Below are some records. Return exactly the lines from the one with "Sterling by Music" to the one with "robot explosion helmet", and nothing else.

[DATA IN THIS EXERCISE]

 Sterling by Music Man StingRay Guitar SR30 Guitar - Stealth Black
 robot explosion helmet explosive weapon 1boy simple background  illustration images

[/DATA IN THIS EXERCISE]
[DATA IN THIS EXERCISE]

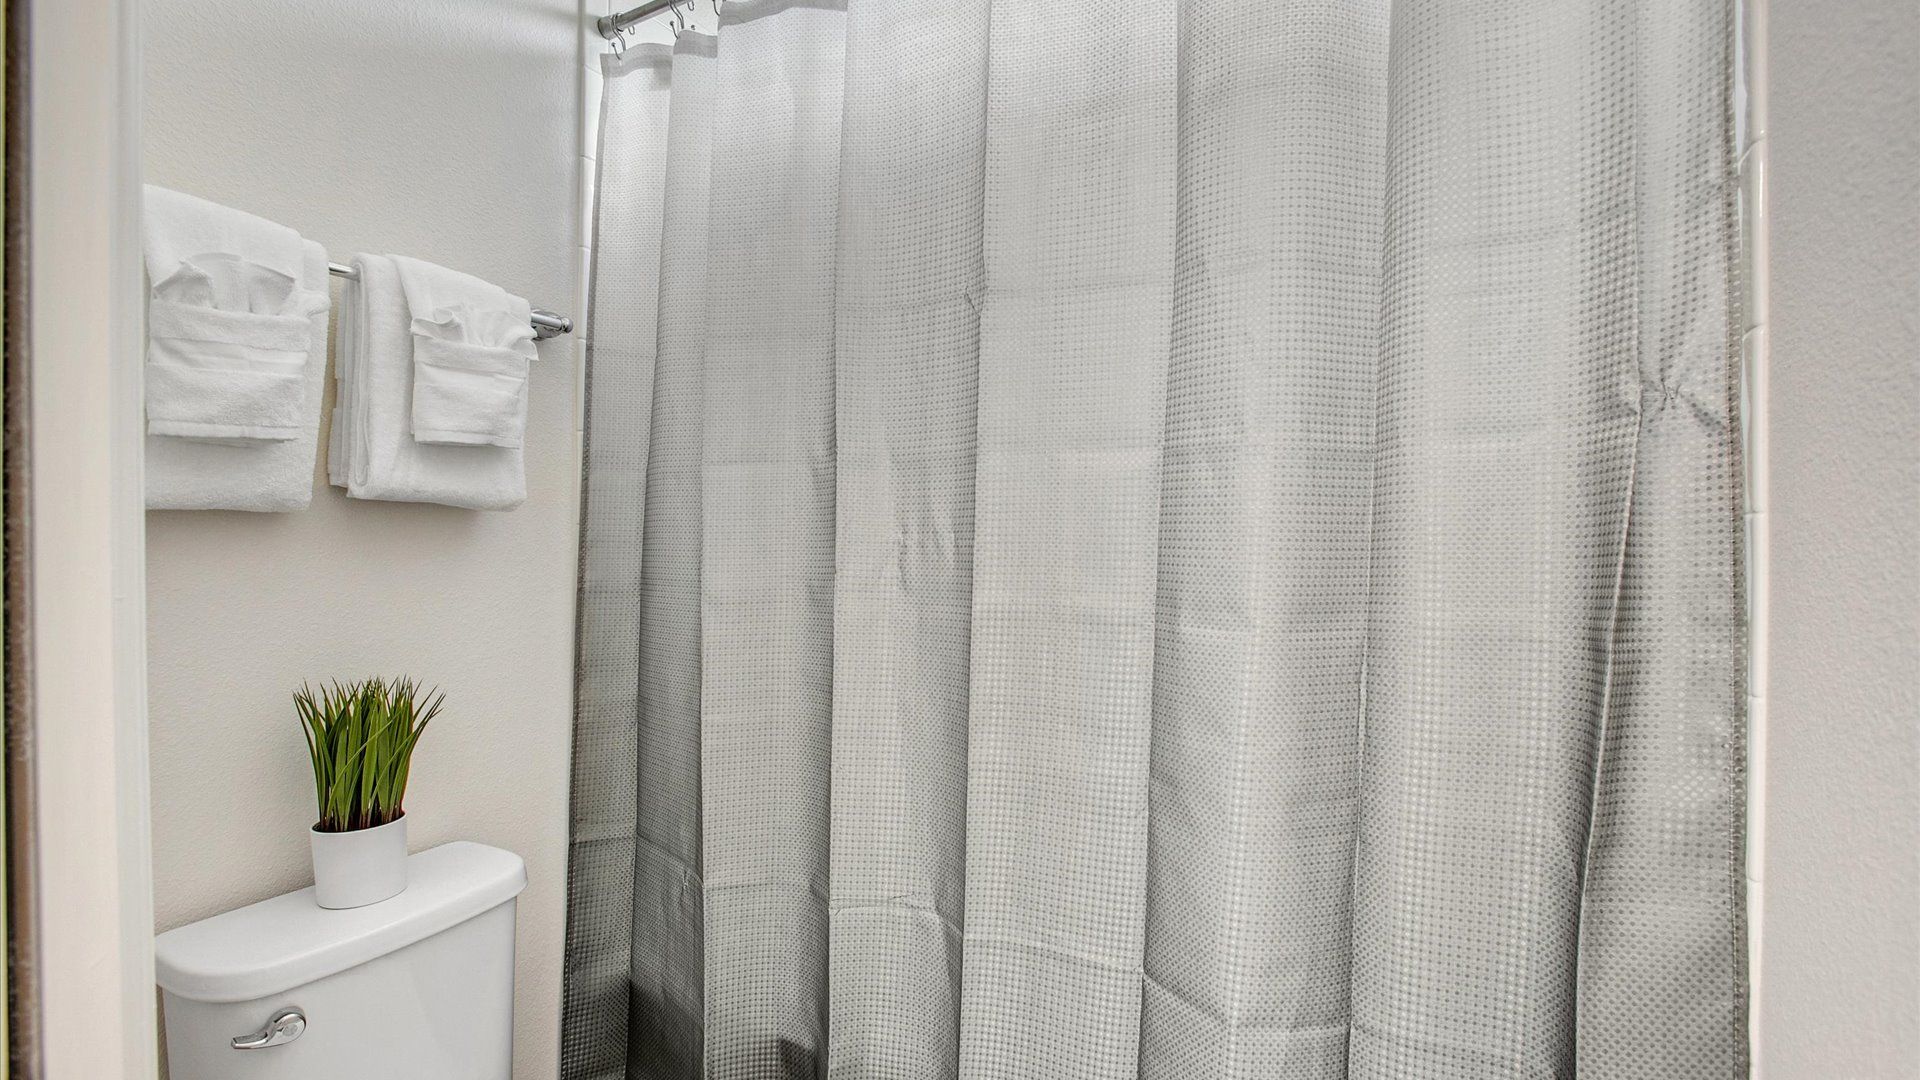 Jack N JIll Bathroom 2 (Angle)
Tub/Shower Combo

[/DATA IN THIS EXERCISE]

TASK OUTPUT:
 Sterling by Music Man StingRay Guitar SR30 Guitar - Stealth Black
 robot explosion helmet explosive weapon 1boy simple background  illustration images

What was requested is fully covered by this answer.